→ What you should do
Copy out the entire listing below exactly, but without its pictures.

→ Data excerpt
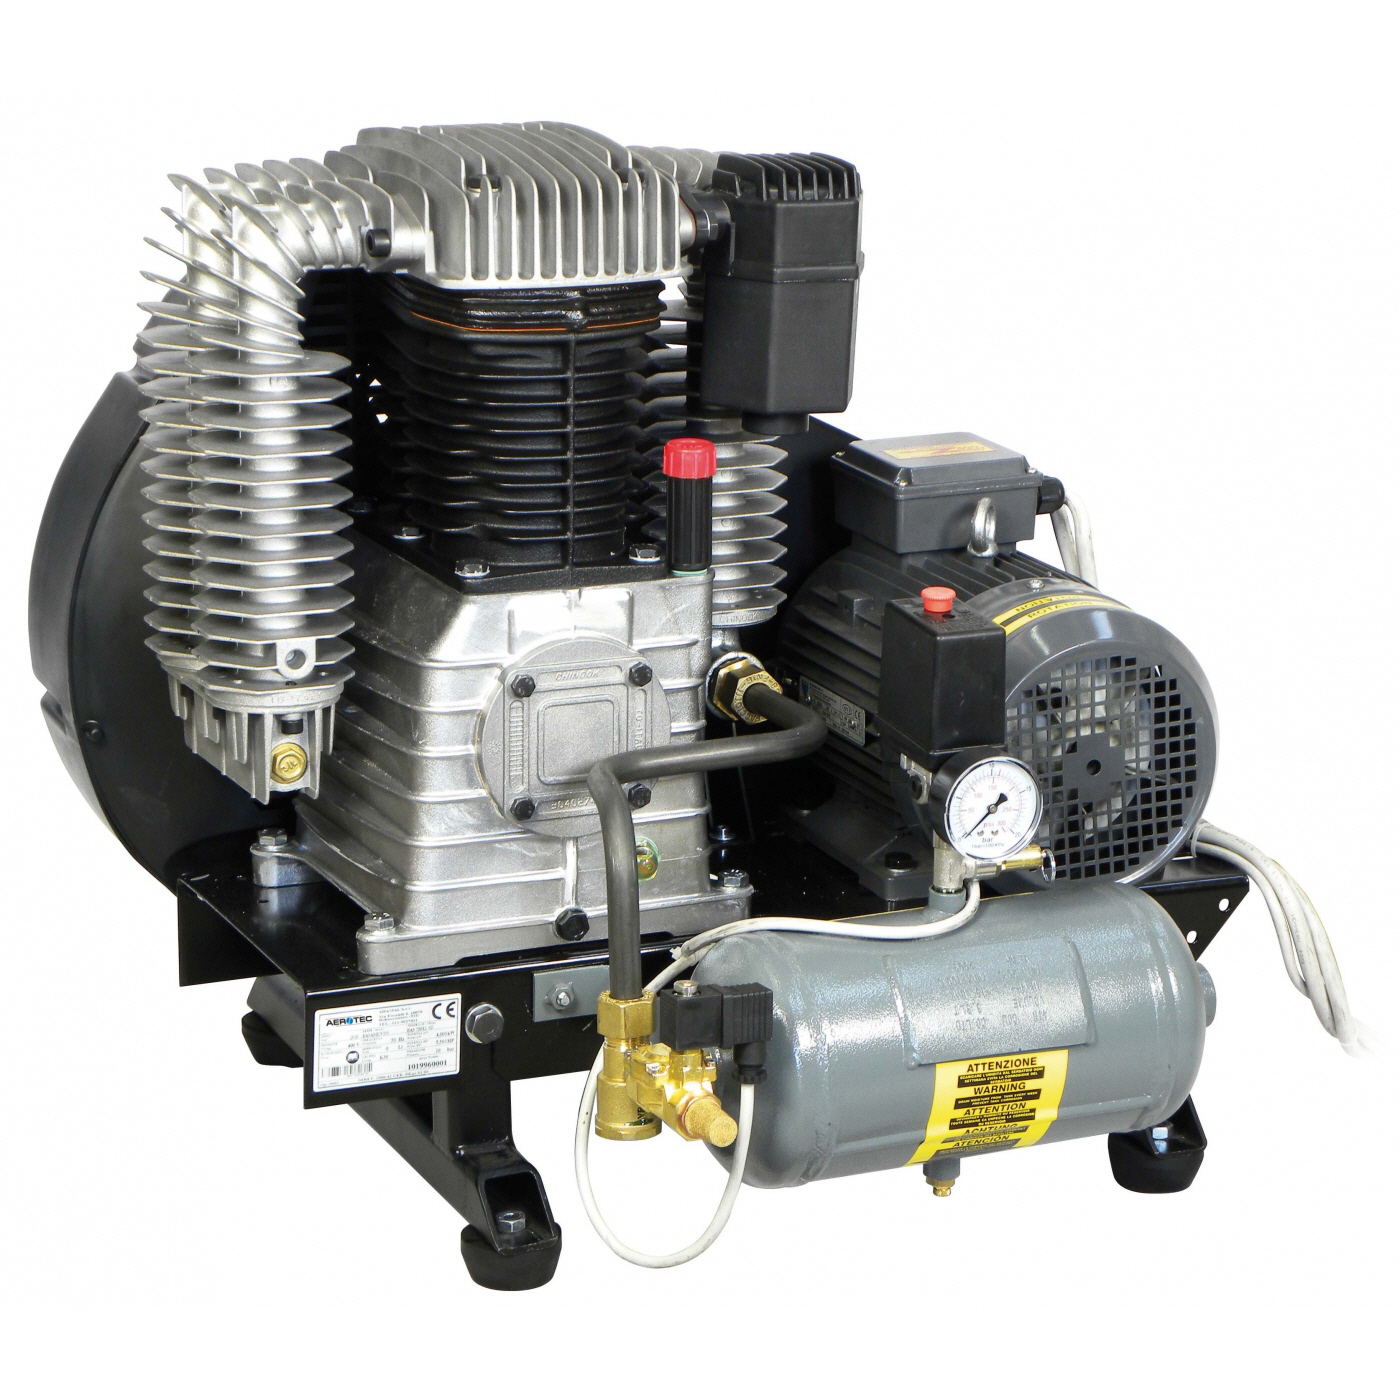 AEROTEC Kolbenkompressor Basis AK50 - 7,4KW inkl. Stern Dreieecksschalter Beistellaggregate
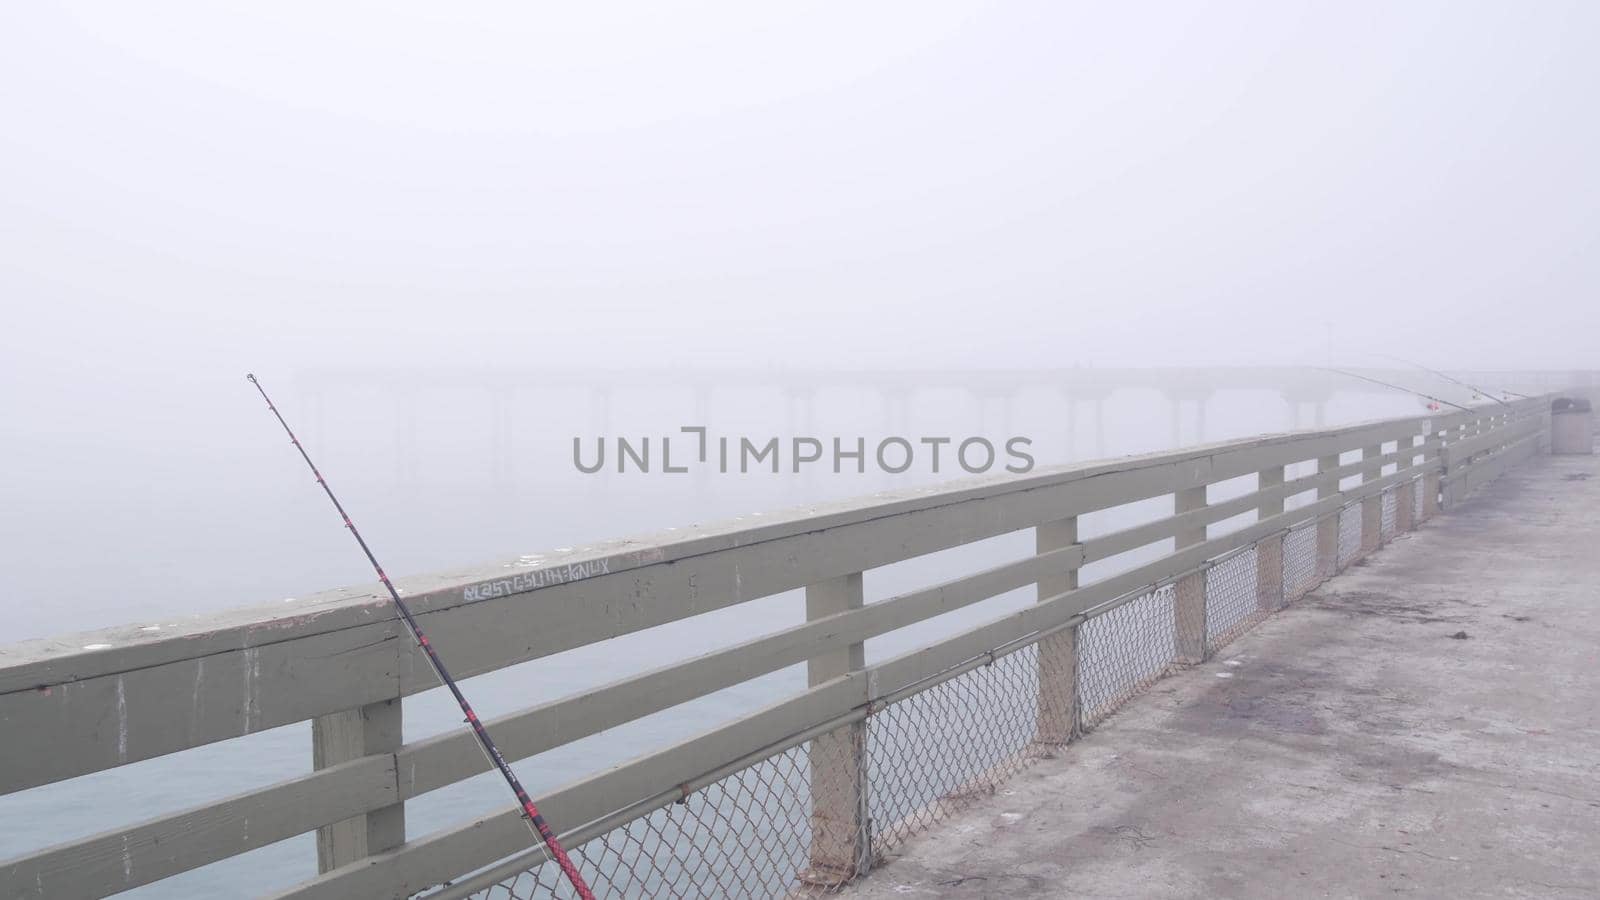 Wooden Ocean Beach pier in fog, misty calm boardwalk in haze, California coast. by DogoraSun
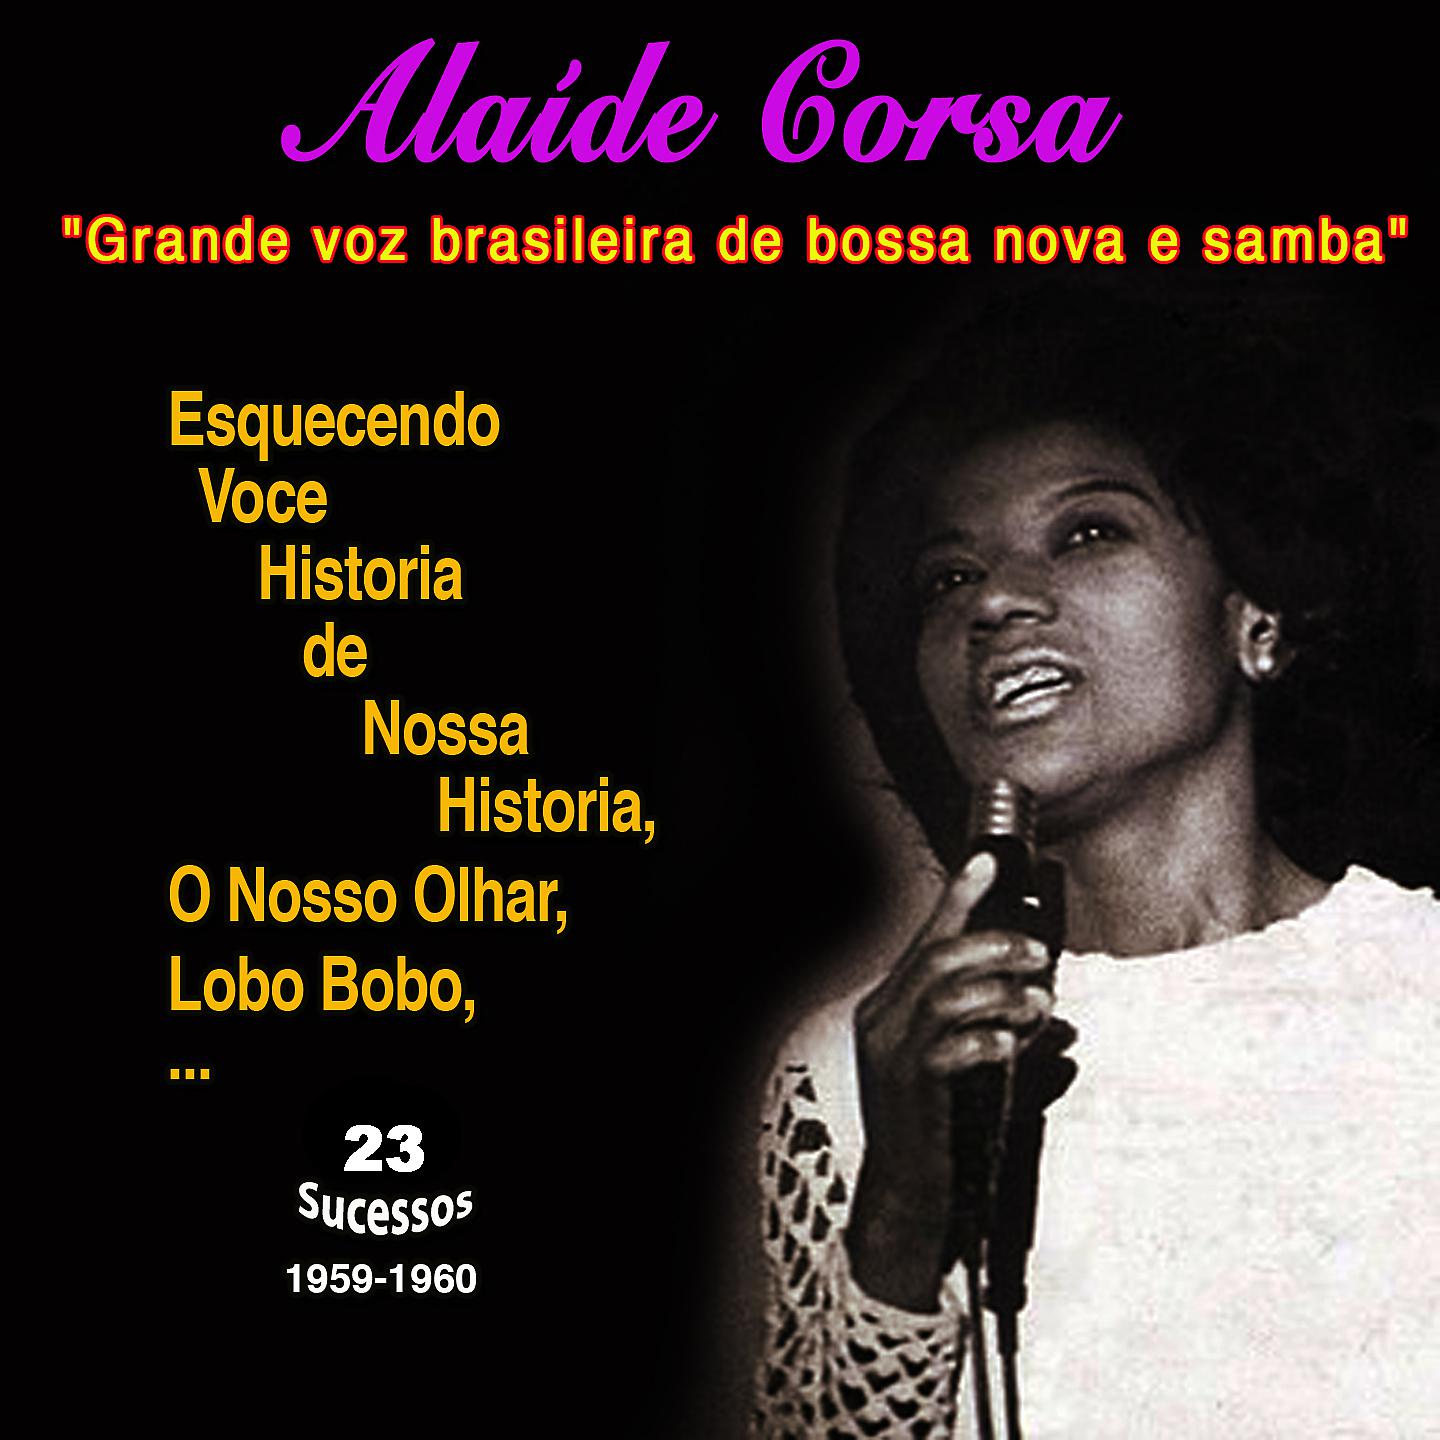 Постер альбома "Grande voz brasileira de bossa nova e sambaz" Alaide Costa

→ Exercise answer
 AEROTEC Kolbenkompressor Basis AK50 - 7,4KW inkl. Stern Dreieecksschalter Beistellaggregate
 Wooden Ocean Beach pier in fog, misty calm boardwalk in haze, California coast. by DogoraSun
 Постер альбома "Grande voz brasileira de bossa nova e sambaz" Alaide Costa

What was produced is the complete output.